Set on a hill overlooking the Hula valley and along an important trade route (the ‘Via Maris’), Hazor was the biggest city in Canaan. Covering an area of 200 acres, Hazor was rightfully described in the bible as the “Head of all those Kingdoms” (Joshua 11:10) yet it was conquered by Joshua and his forces. Later the Israelites settled in Hazor’s acropolis, but after its conquest by the Assyrians, the site was abandoned. Today, Hazor is a national park, presenting significant and fascinating archaeological finds that link to the bible.
History of Hazor
Hazor is mentioned both in early Egyptian and Mesopotamian sources. The 18th century BCE archive of Mari, 30 miles northeast of today’s Baghdad, indicates precious metals, garments, and even musicians coming from Hazor. Egyptian sources also indicate Hazor was a big city-state. Despite its size and power, the bible records Joshua conquering Hazor and burning it –
Joshua 11:10-11: “ At that time Joshua turned back and captured Hazor and put its king to the sword. (Hazor had been the head of all these kingdoms.) 11 Everyone in it they put to the sword. They totally destroyed them, not sparing anything that breathed, and he burned up Hazor itself.

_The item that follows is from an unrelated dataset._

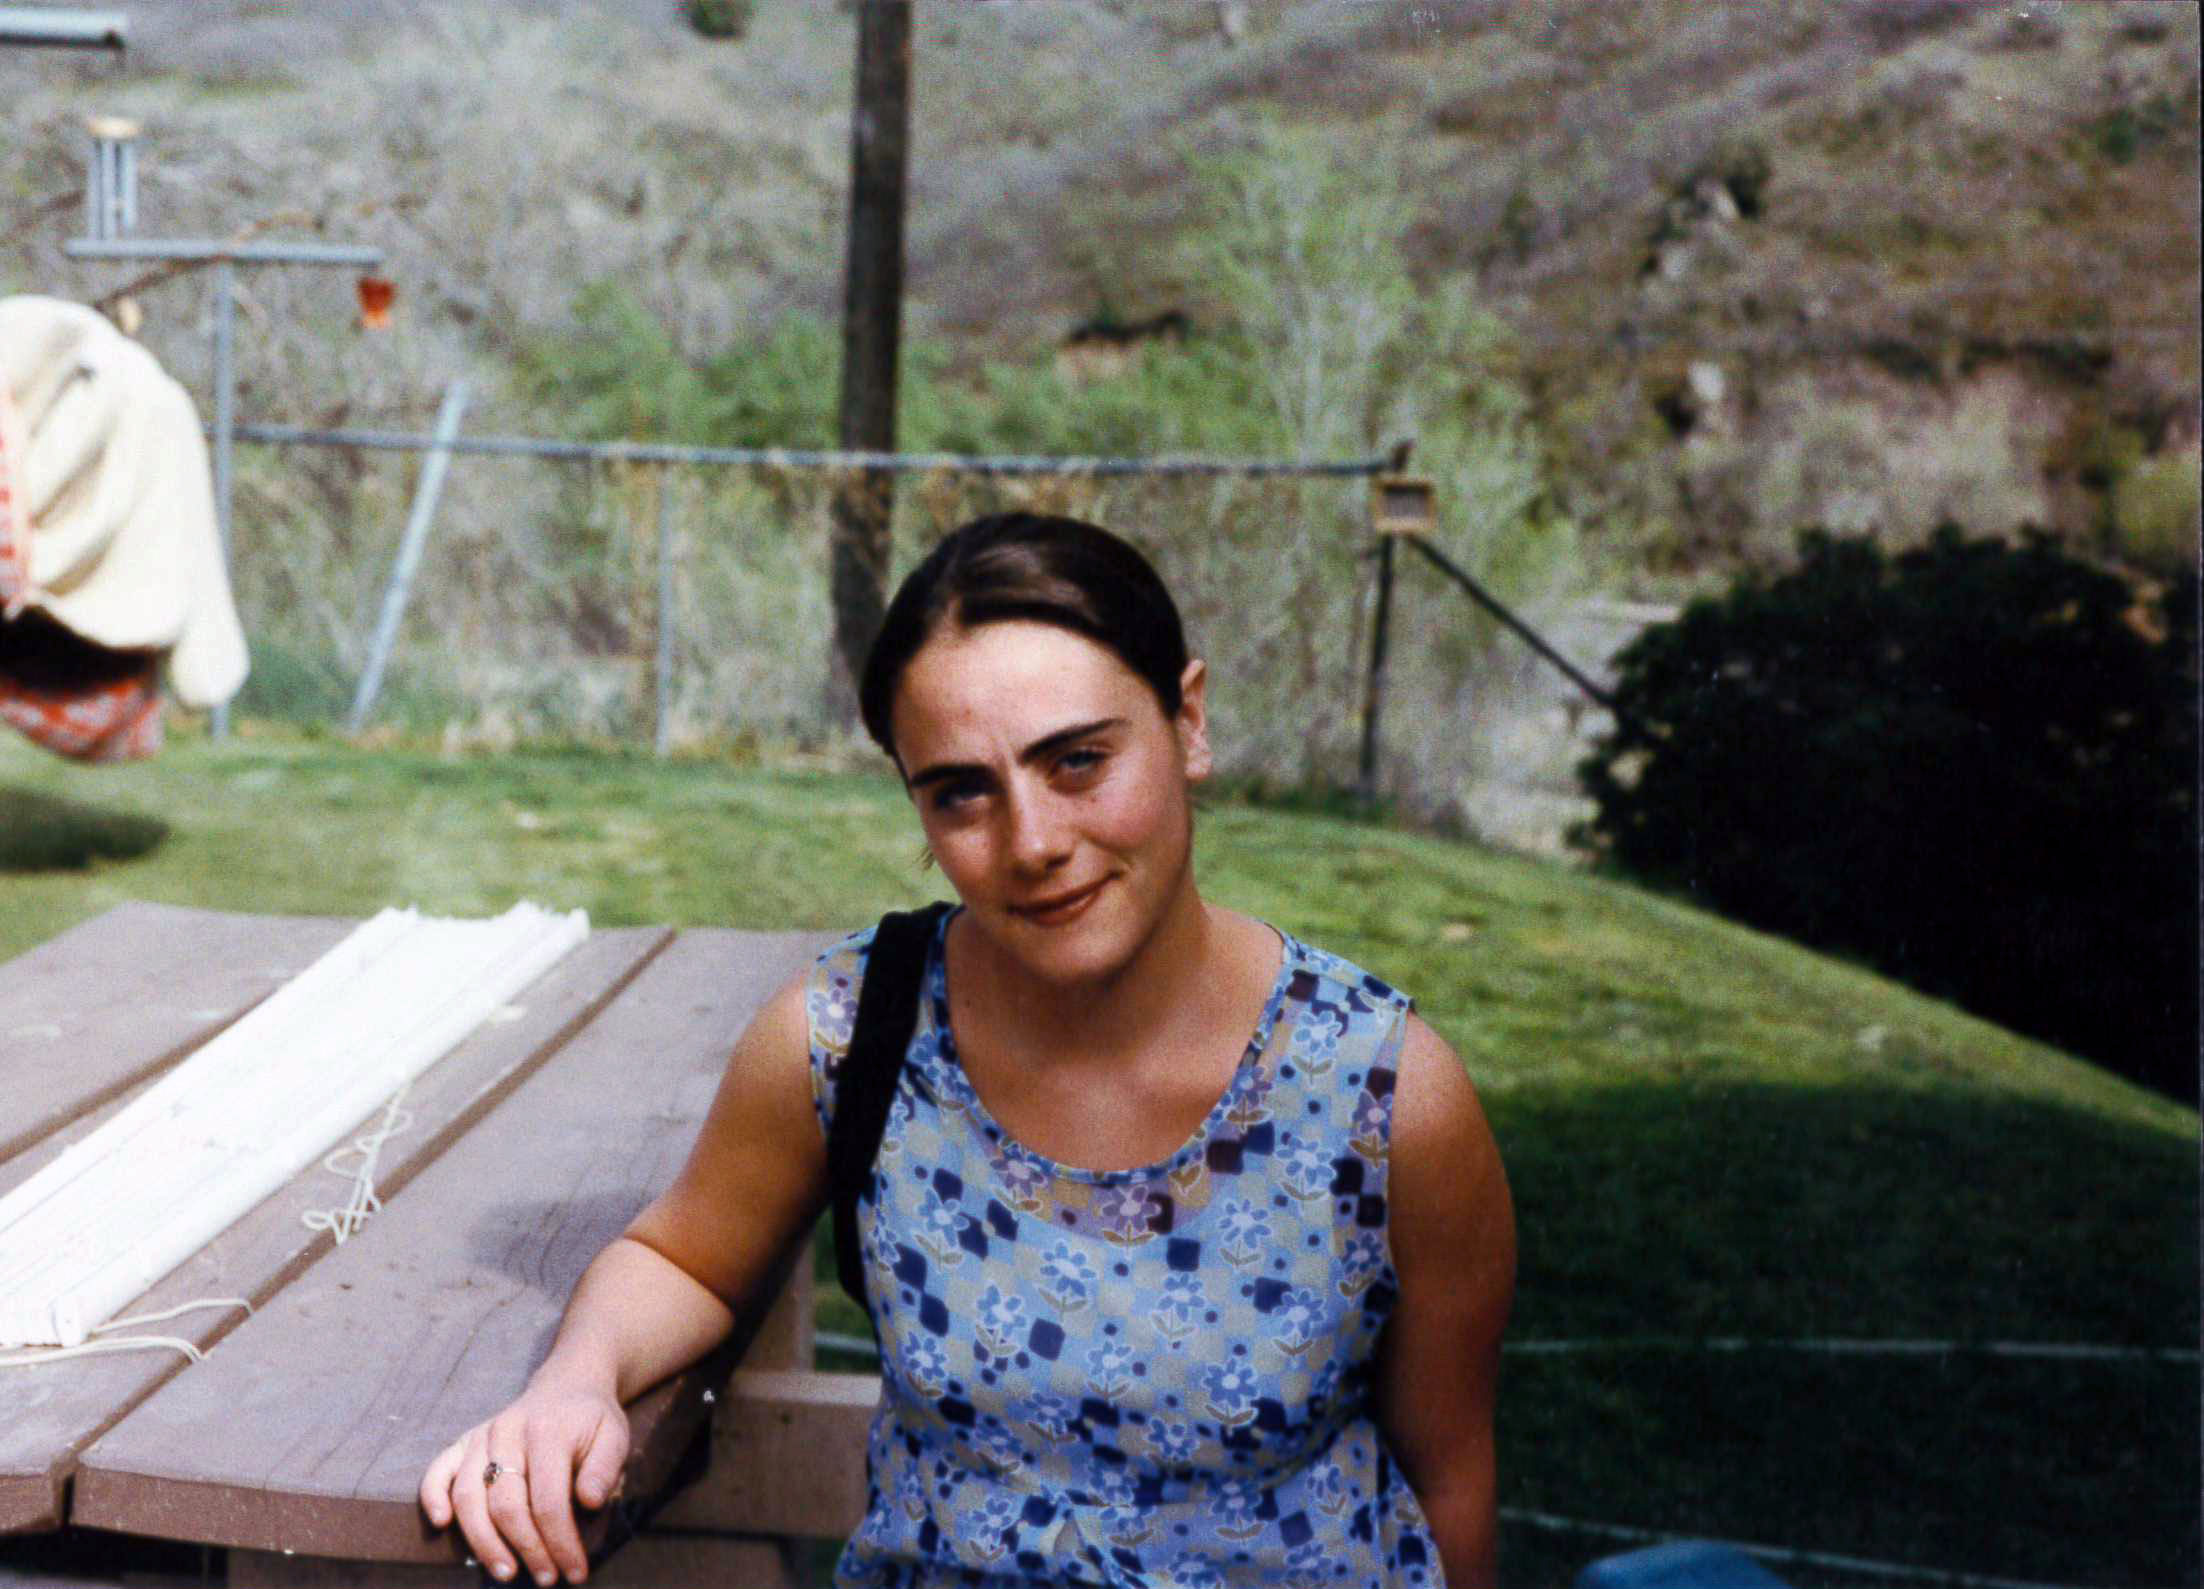 The author, pictured in summer 1996, the year of the Buffalo Creek Fire and subsequent heavy flooding. The family had to evacuate the canyon for a short time while father worked day and night with the other caretakers to remove debris in Strontia Springs Reservoir.

Later, however, the book of Judges indicates Hazor is still a Canaanite city, ruled by a king called Jabin (Judges 4:1). In the days of king Solomon Hazor is among his prime cities (1 Kings 9:15). It remains an important city until its destruction by the Assyrians in 732 BCE (2 Kings 15:29).
Hazor’s was excavated intermittently by several expeditions, starting in the 1920s. The site proved to bear 21 successive layers of occupation, the earliest dating back to 5,000 years ago. The most significant periods are the middle and late bronze age when Hazor was a Canaanite metropolis. The city’s acropolis was also in use by the Israelites.

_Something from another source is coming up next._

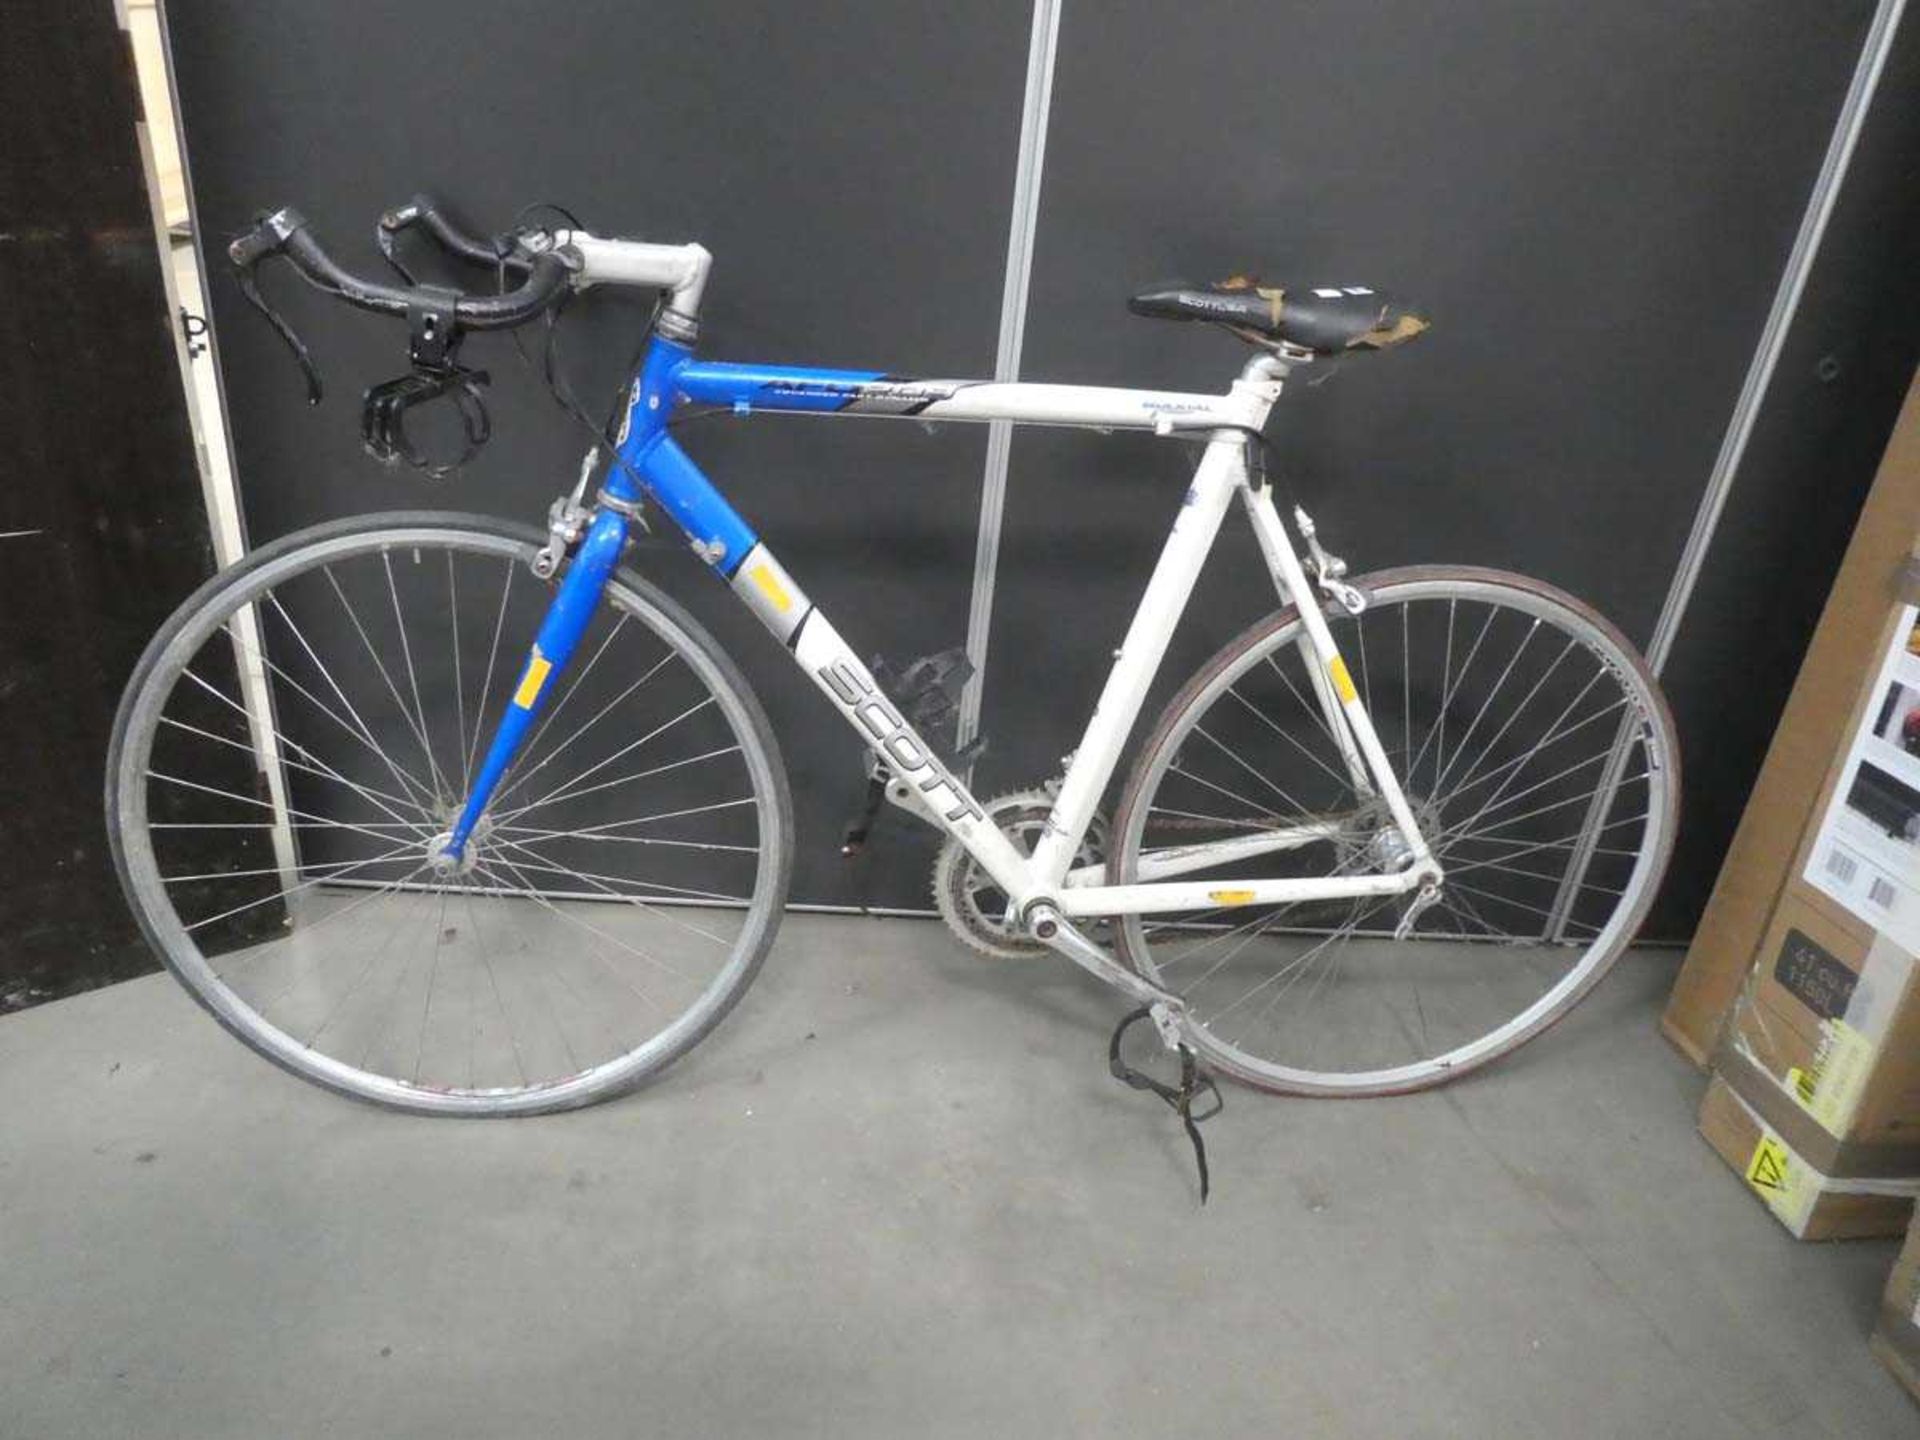 Scott racing cycle in blue and white

Among the mains finds made in Hazor:
Six-chambered gate and casemate wall: These fortifications were also found in Megiddo and Gezer, matching the biblical description of Solomon fortifying these sites (1 Kings 9:15). Nevertheless, now days scholars believe these fortifications should be associated with one of the Israelite kings, perhaps Ahab.
Canaanite-era Ceremonial Palace: This biggest scale public structure from Canaanite times is designed like a palace but has an altar at its front.

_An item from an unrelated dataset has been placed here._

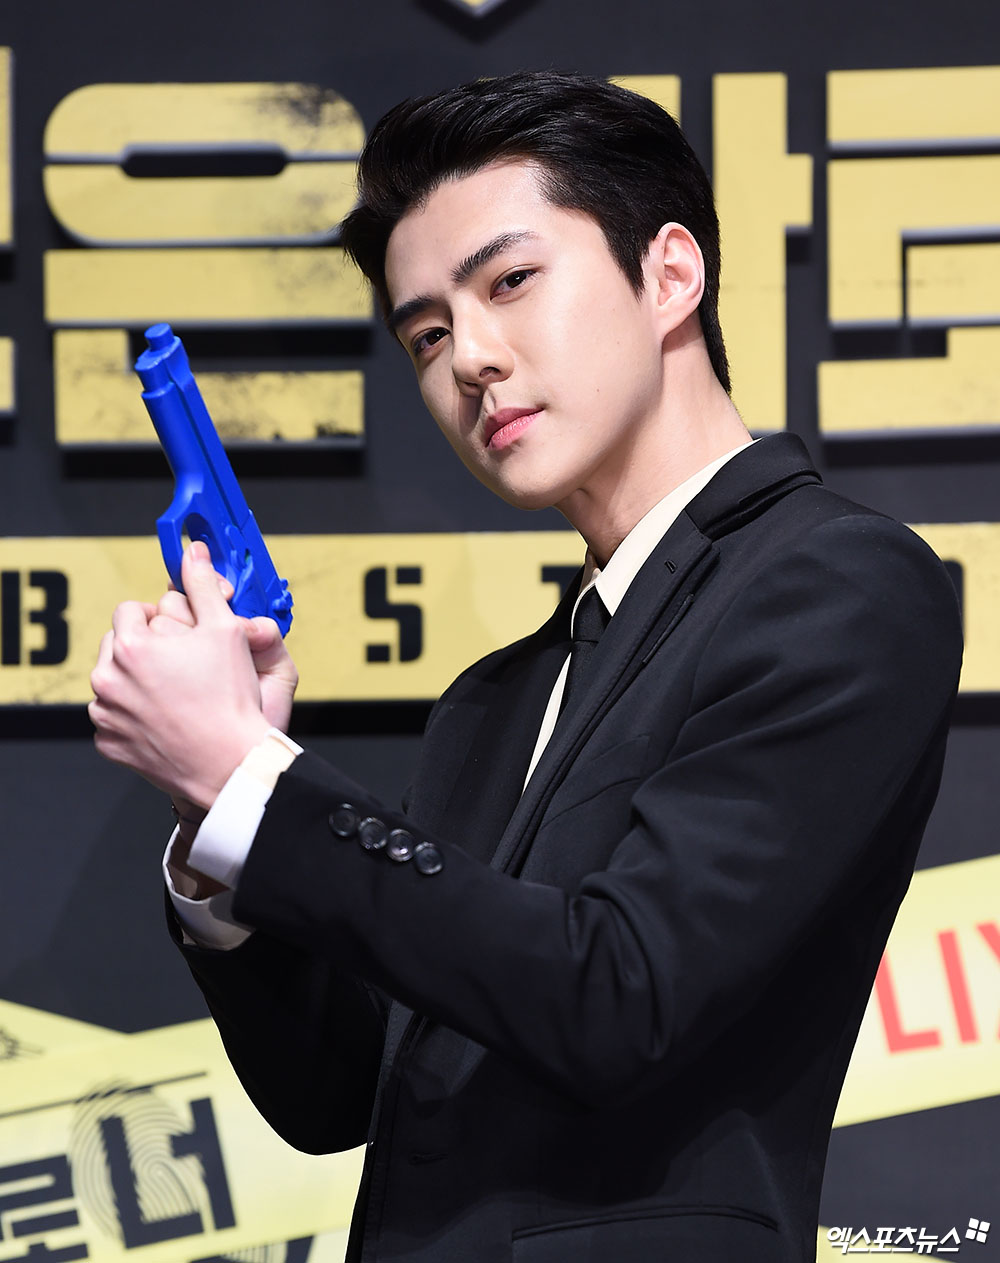 The Netflix original series You are the perpetrator! At the Seoul Sinsa-dong, Gangnam CGV Apgujeong store on the 8th.EXO Sehun, who attended the Season 2 production presentation, has photo time.

Found burnt in a big conflagration, some suggested to attribute its destruction to Joshua as attested in the bible (Joshua 11:10-11).
Canaanite Archive?: Over 20 cuneiform tablets were found in Hazor over the years, some as surface finds by tourists. Some were legal debates, some tax receipts, and some were prophecies based on liver reading. These documents suggest Hazor once had a big archive that might still be found.
Canaanite Temples: Four temples and several clusters of standing stones (Matzevot) from Canaanite times were found in different parts of the mound. These cultic objects and shrines are a fantastic insights to Canaanite worship that is often denounced by the bible.
Water shaft: 150 feet deep, this shaft was dug to reach groundwater beneath the city.
Dating it is a matter of much debate, but most of the scholars believe it was dug by the Israelites to prepare to a long Assyrian siege.
The Fortress: Located at the highest point of Hazor’s acropolis, the fortress dates to the Israelite period, and was probably set to alert on any Aramean or Assyria attack. Its entrance, combining big proto-Aeolic capitals, was reconstructed at the Israel Museum.
Four-Chambered house with an olive press: Found next to the water shaft, this house was moved in its entirety, to clear the shaft’s entry. The building represents a domestic architecture from the Israelite period, with a typical internal division of the house to four main chambers. The dwellers of this house also operated an olive-press, one of the main industries in the Holy Land in antiquity.
Tripartite Pillared Building: Now placed next to the cour-chamered house, this was the first public building discovered in Hazor, in the 1920s. Originally used as a stable or a warehouse, next to the Israelite gate, it was relocated to enable uncovering the Canaanite layers beneath it.
Hazor is a national park, open every day of the week and has an entry fee. The site offers only a few signs with explanations and partial shade which can be significant in the summer months. It is recommended to combine the tour of Hazor with a visit to the local archaeological museum in nearby Kibbutz Ayelet Hashachar.
A visit to Tel Hazor be combined with a day tour in the north.